In the weeks preceding the start of his junior season Kingsbury was arrested and pleaded guilty to a charge of public intoxication for an incident happened in the lobby of a Holiday Inn hotel in Iowa City, Iowa. This also resulted in a 2-game suspension from preseason exhibition games. On November 24, 1995, during the Great Alaska Shootout, Kingsbury scored 30 points against Connecticut on a 101–95 overtime win: he shot 5/11 from the three point line, and converted 11 of 12 free throws. In the month of February 1996 he received a 3-game suspension unsportsmanlike conduct and missed the games against Northwestern, Indiana and Michigan. His junior season was considered disappointing, as he received less playing time and he finished the season with averages of 11.9 points, 2.3 rebounds and 1.9 assists in 22.9 minutes per game. He led the Big Ten in 3-point field goal attempts for the second consecutive season, and finished his career at Iowa with 1,118 total points and records for most 3-pointers in a game, in a season and in a career. The first two records are still standing as of 2019, while the third one was beaten by Matt Gatens and Jeff Horner.

===College statistics===

| Year | Team | GP | GS | MPG | FG% | 3P% | FT% | RPG | APG | SPG | BPG | PPG |
|---|---|---|---|---|---|---|---|---|---|---|---|---|
| 1993–94 | Iowa | 27 | 3 | 20.2 | .333 | .321 | .821 | 2.6 | 1.3 | 0.9 | 0.1 | 8.1 |
| 1994–95 | Iowa | 33 | 26 | 28.2 | .400 | .394 | .803 | 2.7 | 1.7 | 1.2 | 0.2 | 16.8 |
| 1995–96 | Iowa | 29 | 12 | 22.9 | .341 | .308 | .796 | 2.3 | 1.9 | 0.6 | 0.1 | 11.9 |
| Career |  | 89 | 41 | 23.8 | .367 | .350 | .804 | 2.6 | 1.6 | 0.9 | 0.1 | 12.6 |

==Professional career==
After the end of his junior year at Iowa Kingsbury was facing the possibility of being deemed academically ineligible, and decided to declare for the NBA draft on May 7, 1996. He went undrafted and participated in training camps with the Miami Heat and the Washington Wizards, but was cut by the Wizards before the 1996–97 NBA season. He then joined the La Crosse Bobcats in the CBA, where he played 49 games (3 starts) averaging 5.1 points, 1.3 rebounds and 1.4 assists in 16.5 minutes per game.
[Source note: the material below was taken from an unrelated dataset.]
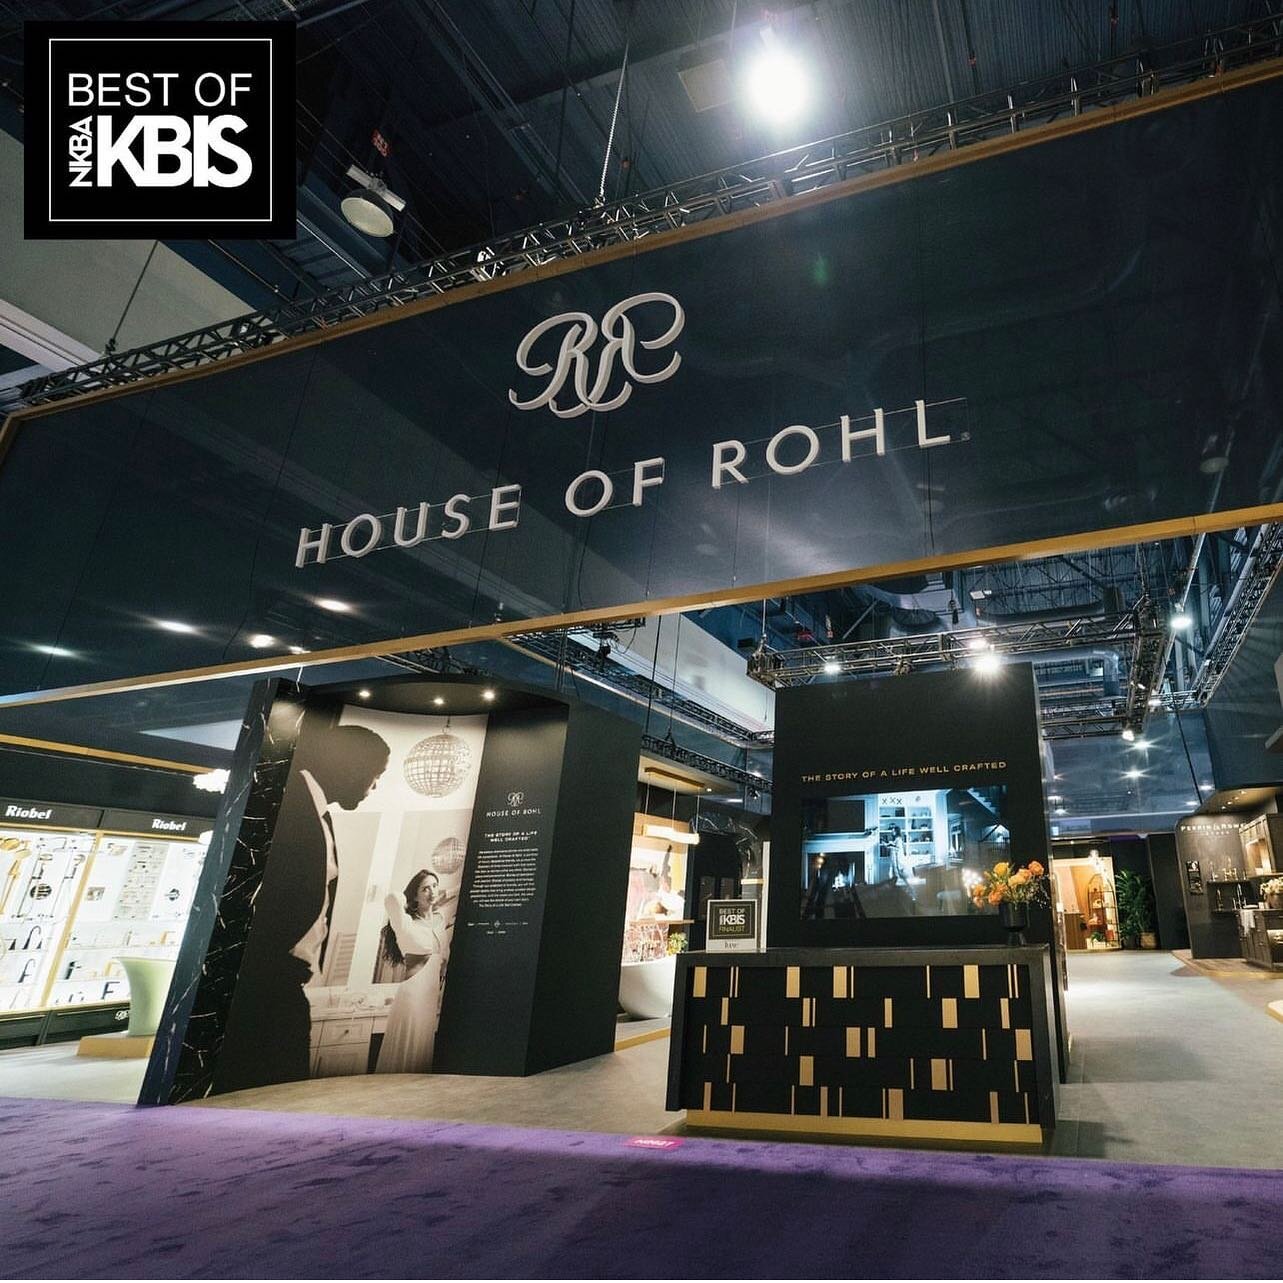 BIG NEWS!  The House of Rohl showroom won the Best of KBIS large showroom award. I&rsquo;m so proud to have been a part of this amazing team.  The marketing and showroom team that developed the Cravings collaboration with Food &amp; Wine put together

He then moved to Italy, signing with JuveCaserta, and played 10 games, averaging 13.1 points, 2.5 rebounds and 0.8 assists in 33.4 minutes per game, shooting 58.6% from the field and 41.2% from three. He scored a season-high 21 points in his debut game against Banco di Sardegna Sassari, shooting 6 for 14 from the field (5/12 from three) and 4 for 5 from the free throw line. However, during his time in Italy he did not receive regular payments, and he therefore decided to come back to the United States. He joined the Cincinnati Stuff of the IBL, and played two seasons before retiring from professional basketball.

After the end of his basketball career he went on to work in a bank in Ponca, Nebraska.